### [Exercise brief]
When you copy the listing, reproduce each line as it appears and omit every image.
──────── Data shown ────────
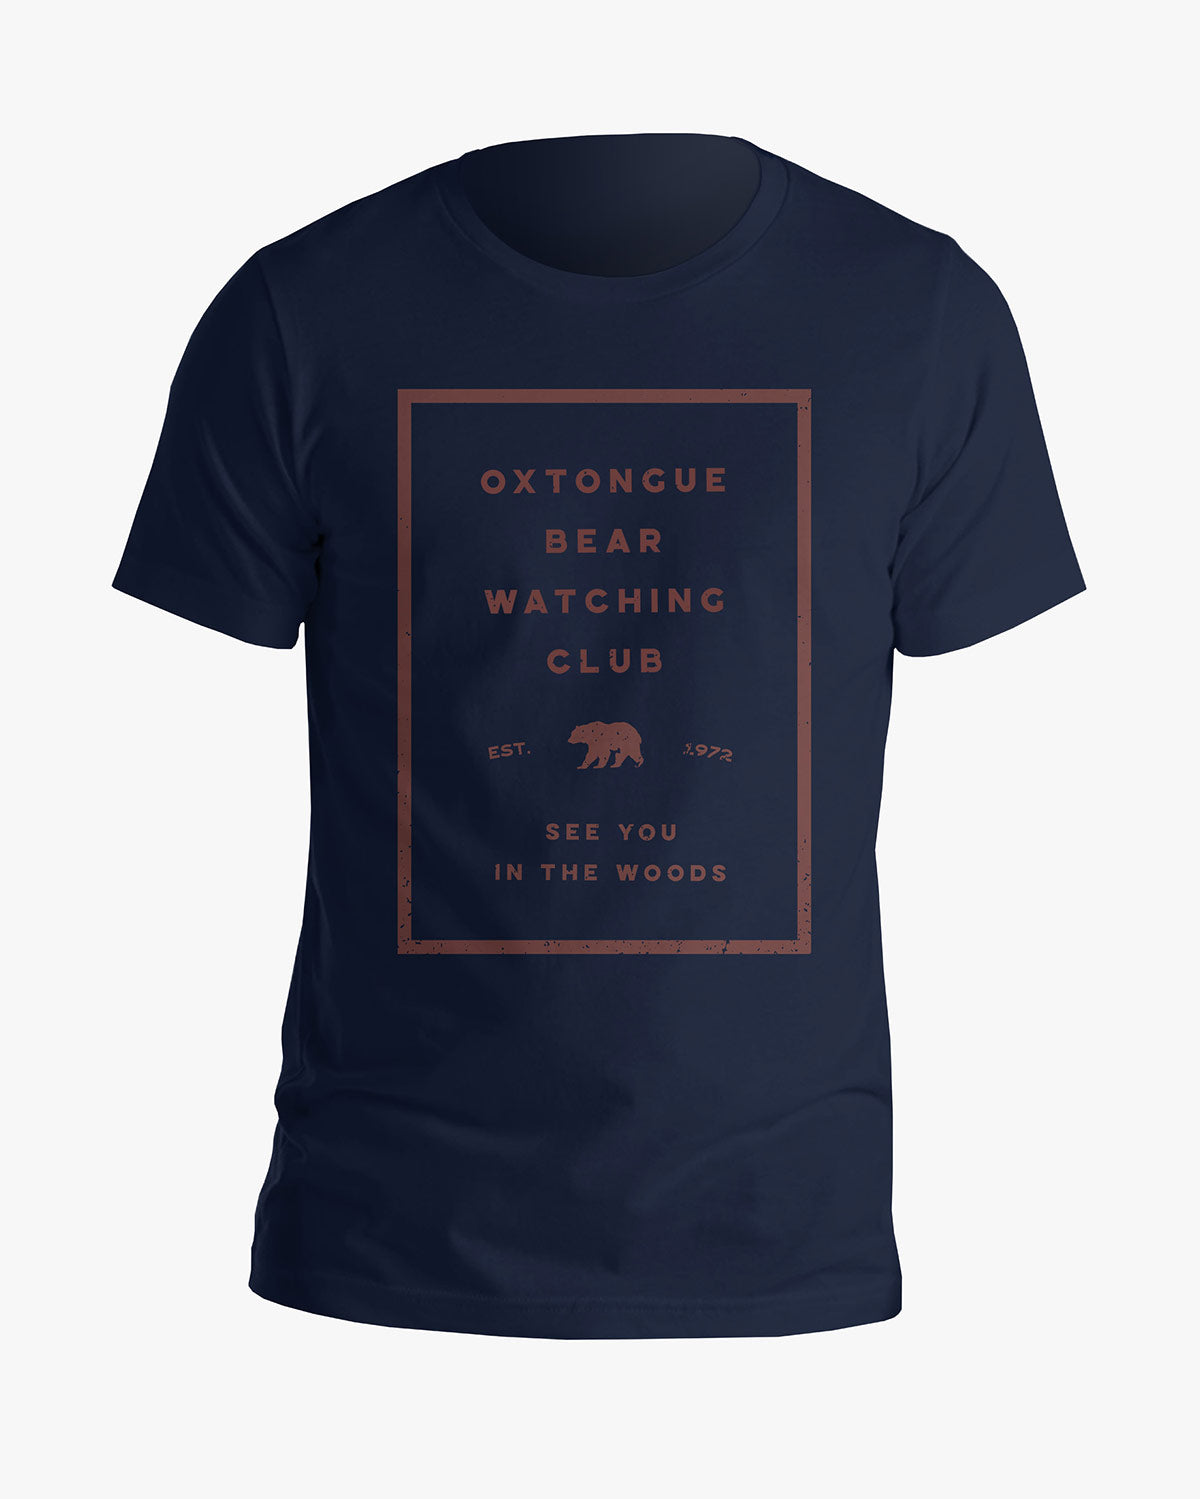 Bear Watching Club - Oxtongue Lake - Tee
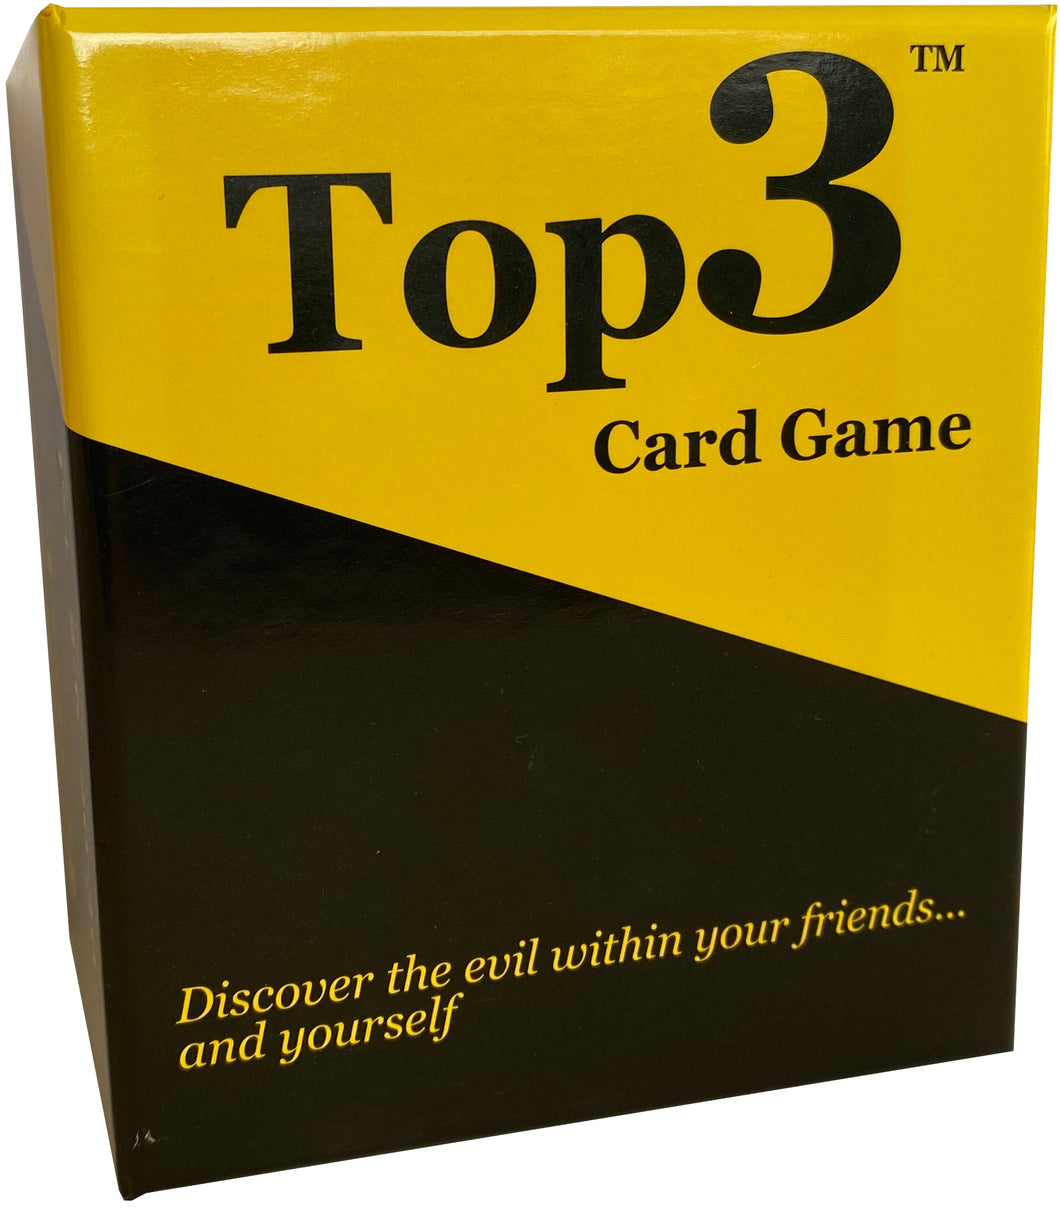 Top3 Card Game
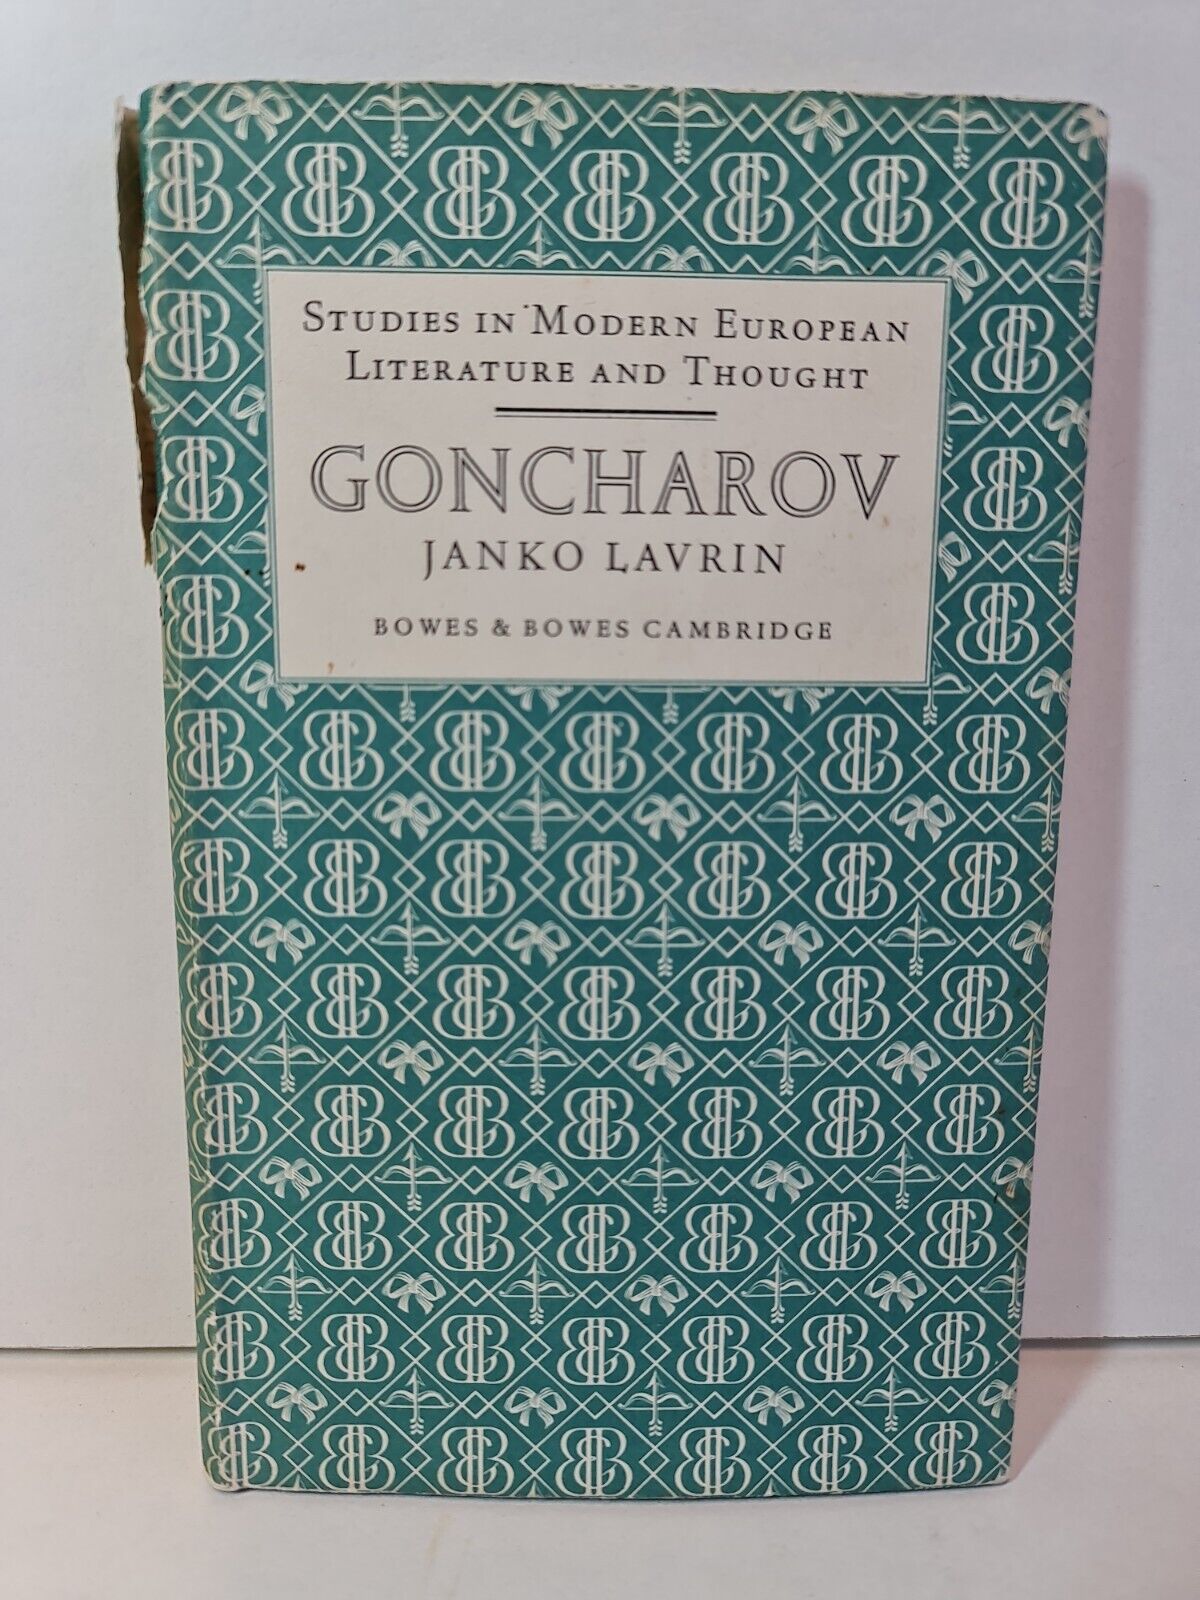 Goncharov by Janko Lavrin (1954)
────────
### [Response to the exercise]
 Bear Watching Club - Oxtongue Lake - Tee
 Top3 Card Game
 Goncharov by Janko Lavrin (1954)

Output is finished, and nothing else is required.